Ci sono luoghi usciti dal mondo che si ritrovano oltre il virus. C’è sul pianeta una rete di spazi immuni, minuscoli punti, invisibili persino alle mappe geografiche satellitari, scartati dalla contaminazione, lasciati dentro nel territorio nullo dell’oblio e della dimenticanza. Non sono cimiteri monumentali ma nature di viva memoria e umana riconciliazione con la storia.
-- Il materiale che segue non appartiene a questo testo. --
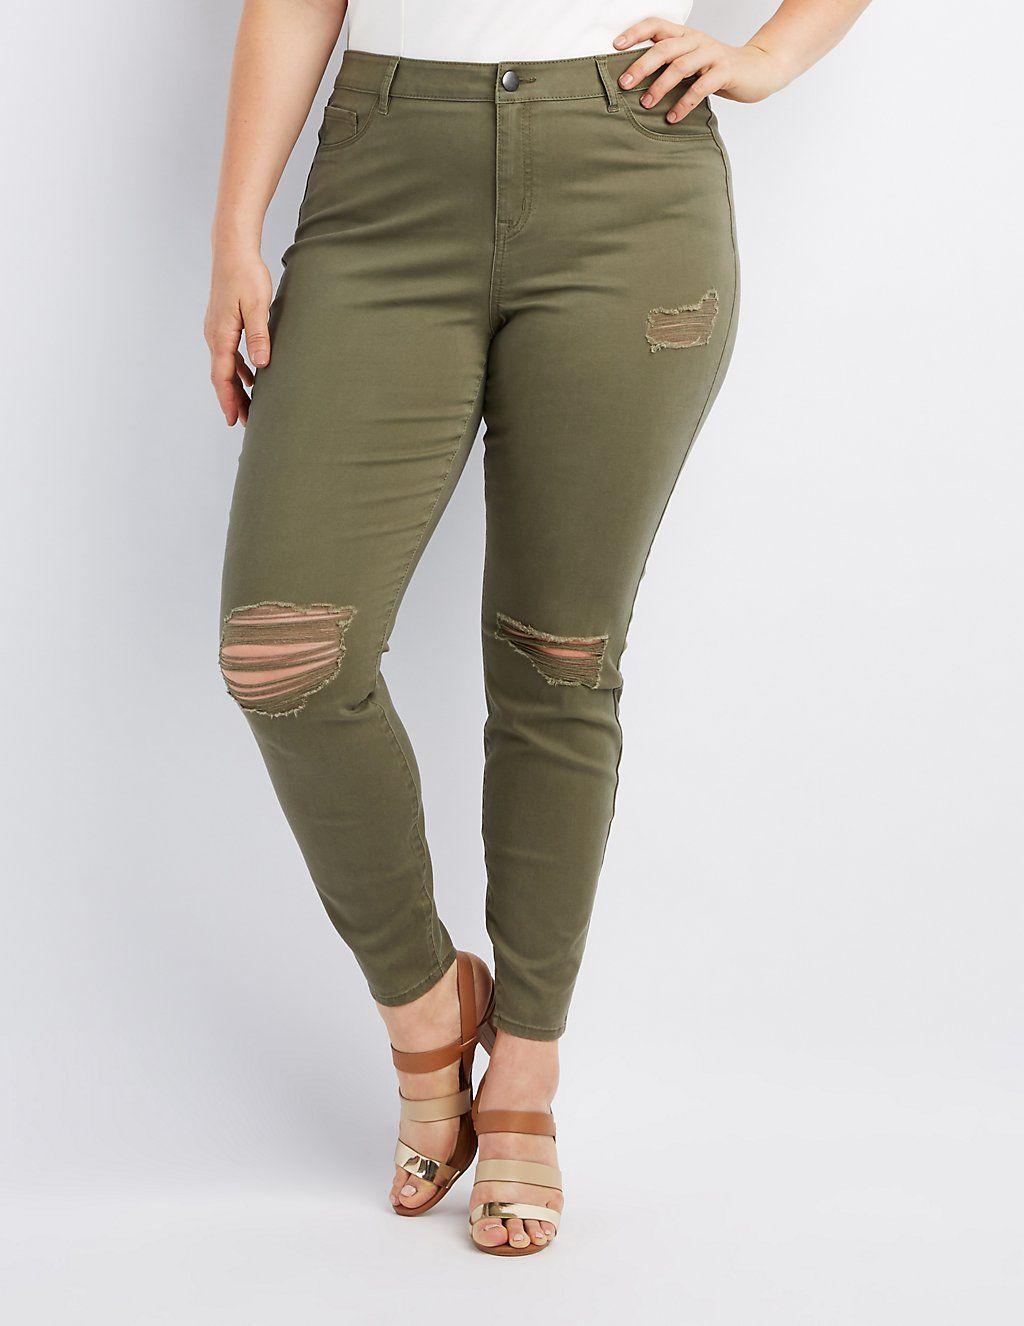 526e289508e Plus Size Refuge Skin Tight Legging Destroyed Jeans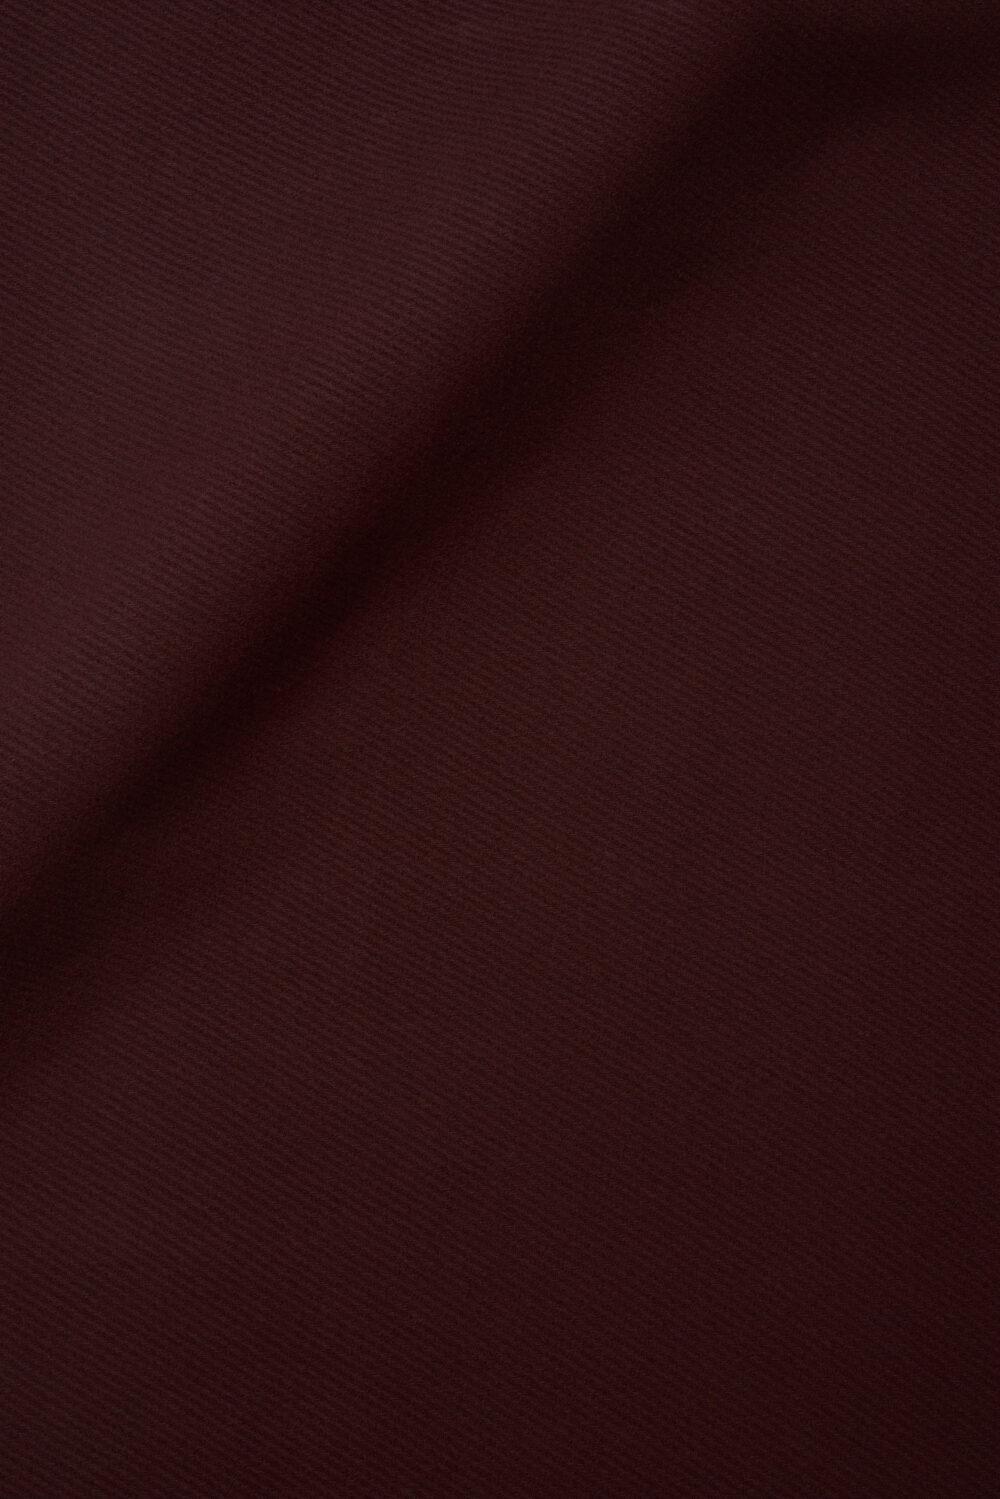 Dzūkiškas įv. spalvų švarkelis SVR4

Nel vecchio Borgo di Papaglionti anche quest’anno la Pasqua si celebrerà nell’estasi del silenzio e della primavera.
di Vito Barresi
Forse è ancora lì, davanti al Calvario di Papaglionti, il borgo in magica rovina, abbandonato dopo il terremoto del 1905 e l’alluvione del 1952 che, camminando a pochi passi dal più vicino centro abitato, puoi oltrepassare senza controlli da parte dei gendarmi dell’antivirus, la zona rossa dei nostri peccati quotidiani, ritrovandoti finalmente nel lembo del mantello di una Pasqua interiore.
Una meditazione ascetica che prende architettonicamente la sua eterna forma rettangolare, custodita in una muratura di pietra granitica e di mattoni rossi ricoperti di segni di biacca e calce bianca sbiadita dal sole.
Dentro le tre nicchie che raccolgono in un contesto la preghiera, a destra e a sinistra più piccolo, lento, impercettibile, al centro forte senza tosse il respiro dell’uomo, i due polmoni orientale e occidentale della Madre Terra armonizzati in un istante, tracce di un affresco agreste che raffigurava scene della crocifissione.
Papaglionti è un territorio incorporeo, in cui si avverte la pace della natura che altrove non c’è più, è finita, la tranquillità e la calma di storie di vita e personaggi che sono ancora qui, pronti a raccontare la loro favola, l’esperire vivente del semplice che cerca la felicità.
La foto scattata da Mari Dalbis al Calvario di Papaglionti è un instagram prima di instagram, uno scatto meditato e fugace su un’ara, una pietra, un paesaggio, una natura che si racchiude in tre ogive di silenzio.
Qualcosa di staccato, riposato ma non rilassato, che racconta la storia di una comunità e di più generazioni che risalgono al 1200, espandendosi in un paesaggio di luce bucolica, un’alchimia di emozioni pulite, fissate con tocchi di colori a polaroid su una lastra d’altri tempi.
Una pellicola kodacrome scaricata e tranciata, strappata e poi ritrovata tra i ruderi dell’oratorio di una chiesa in rovina, che rispecchia una rappresentazione circolare, bidimensionale, figurativa, estatica, astratta, simile al fondo di una pala d’altare, molto ma molto somigliante alla pittura di Giotto.
Libera nos a malo di un Ligabue modulato secondo il ritmo interno di una inarrestabile dolcezza, la lacrima che solca un volto tradito e abbandonato e che fa piangere sule nostre vite sperdute, disorientate dall'est, inaridite dall'ovest, accecate dal nord, stordite dal sud, sulle cartoline stracciate di un passato interno che stava all’esterno e che abbiamo odiato, denigrato e combattuto, stravolto.
Immagino quanti con la camera a sud nella propria storia d’infanzia, adesso costretti nelle zone rosse tra Milano e Bologna, desiderano semplicemente l’aria, essere ora e qui tra i vicoli silenti di questo borgo spopolato, sospirando una Pasqua svanita, la gita fuori porta per oltrepassare le acque dopo la fuga dall’Egitto schiavista e inquinato, l’atmosfera, il pneuma spirituale e materiale del Lunedì dell’Angelo, a Pasquetta, oltre le catene del virus che ha annullato il respiro della folla, l’ossigeno delle persone.
E respirare piano l’odore dell’aglio che cresce in questi campi e matura nel tepore primaverile, e masticare l’erba amara in mezzo ai prati che sta sotto gli ulivi e che è di un verde intensissimo.
C’è un momento di fortissima malinconia davanti a questo luminoso Calvario di Papaglionti dove Pasqua è ritrovarsi insieme oltre ogni zona rossa, tra le archeologie rupestri di fedi e credenze svanite.
Nella pagina antiquata e persino anacronistica di una biografia, anima mundi di un piccolo paese travolto dal fato, un terremoto, un’alluvione, là dove nonostante tutto il virus non è ancora arrivato. E forse mai ci andrà.